As he says in his biography, “Making THE TUNE, I had a lot of ideas I realized wouldn’t work with animation, but would be lots of fun with real people! I took those ideas and made J. LYLE. Besides, my hand needed a rest after drawing THE TUNE.” J. Lyle, also financed by Plympton, was released in theaters around the country after enjoying a successful festival circuit.
Bill’s film’s Your Face (1988) and Guard Dog (2005) were Oscar nominations for best animation. He has achieved success but it wasn’t exactly a cakewalk getting there.
After earning a degree in Graphic Design at Oregon State, Bill joined the Coast Guard to avoid the Vietnam War and moved to New York City in 1968. He took a gig as a Belt Salesman but found he couldn’t sell a single one. Despite the initial setback, he spent a year studying at the School of Visual Arts and became an illustrator and cartoonist.
His illustrations have appeared in The New York Times, Vogue, House Beautiful, The Village Voice, Screw, and Vanity Fair. Some of his cartoons found homes in magazines such as Viva, Penthouse, Rolling Stone, National Lampoon, and Glamour.
In 1975 he began a political cartoon strip, Plympton, in The Soho Weekly News which was syndicated by Universal Press.
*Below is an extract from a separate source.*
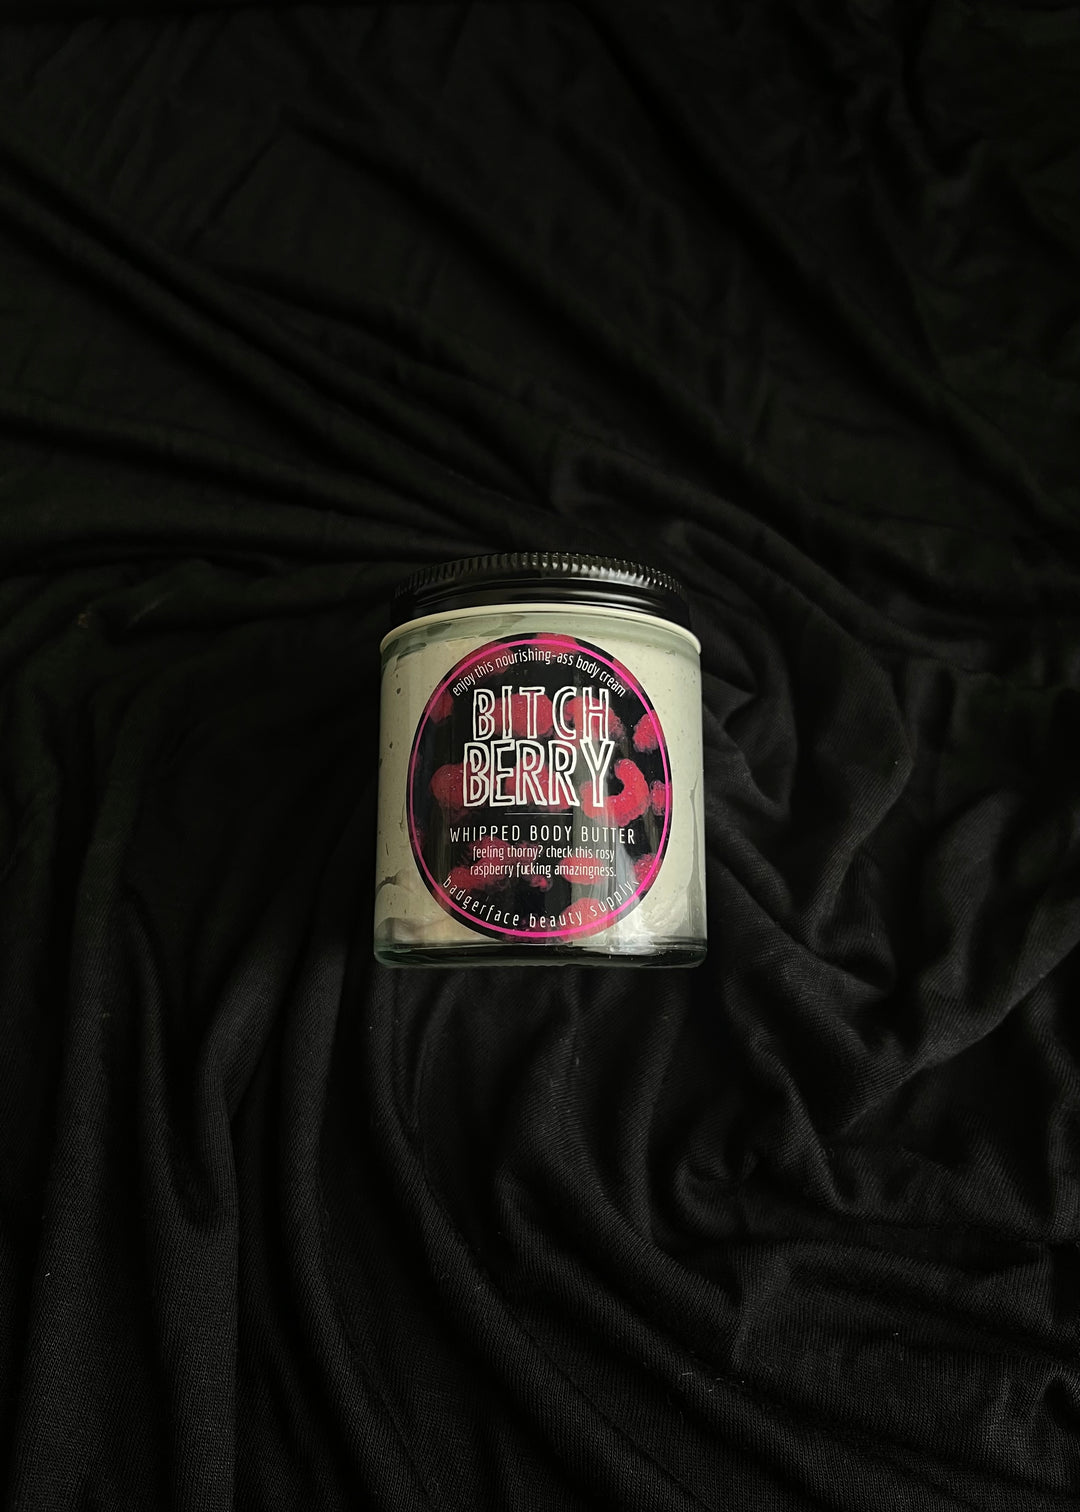 B***H BERRY WHIPPED BODY BUTTER

In 1983 the Android Sister, Valeria Wasilewski, approached Bill to work on Boomtown, a film she was producing of Jules Feiffer’s song. According to Plympton, Connie D’Antuono, also one of the film’s producers, “sort of held my hand through the whole process. It was a great way to learn to make a film.”
After Boomtown he started making an animated film of his own called Drawing Lesson # 2. Bill once played steel guitar in a Country Western Band led by Maureen McElheron, and when inclement weather slowed production of live action scenes he opted to start another film. He asked Maureen to write the musical score and sing. That film was Your Face.
After Your Face received the Oscar nomination his work started appearing with more and more frequency on MTV. His shorts were winning prizes like crazy and he wanted a new challenge. That new challenge turned out to be The Tune, his childhood dream of making a full-length movie come true.
Not bad for a failed Belt Salesman.
I asked Bill what he felt was the turning point of his career, and what animators and cartoonists influenced him the most.
“My turning point was when my cartoons appeared on MTV. It seems even now, all over the world, people remember me as the MTV animator. My influences are: Tex Avery, Walt Disney, Bob Clampett, R. Crumb, Winsor McCay, Quentin Tarantino, Frank Capra, Roland Tupor, Carols Nine, A.B. Frost, Charles Addams, plus many others.”
I want to thank Molly Hahn for relaying my questions to Bill and his answers back to me.
So why do we like cartoons so much? Well for one thing, the characters don’t require stuntmen. When that sledge hammer comes down on Sylvester the Cat’s big toe and it grows to the size of a watermelon there’s no trick photography involved. When Mighty Mouse flies through the air singing “Here I come to save the day!” there are no strings holding him up. Our hero is really flying. When Daffy Duck blows himself up on stage to one-up Bugs Bunny, his body actually splatters into a zillion pieces.
The stories are beautifully simplistic. We forget our complicated lives for a moment as Grieg’s Morning plays and Foghorn Leghorn rises to greet the new day before being stalked by a baby chicken hawk.
There’s a sense of permanence. Unlike human movie stars, the characters never change, and they don’t disappoint us. We never have to worry about them being exposed as criminals or perverts.
Maybe it’s simply because most of them make us laugh.
Whatever the reason, Toons are here to stay.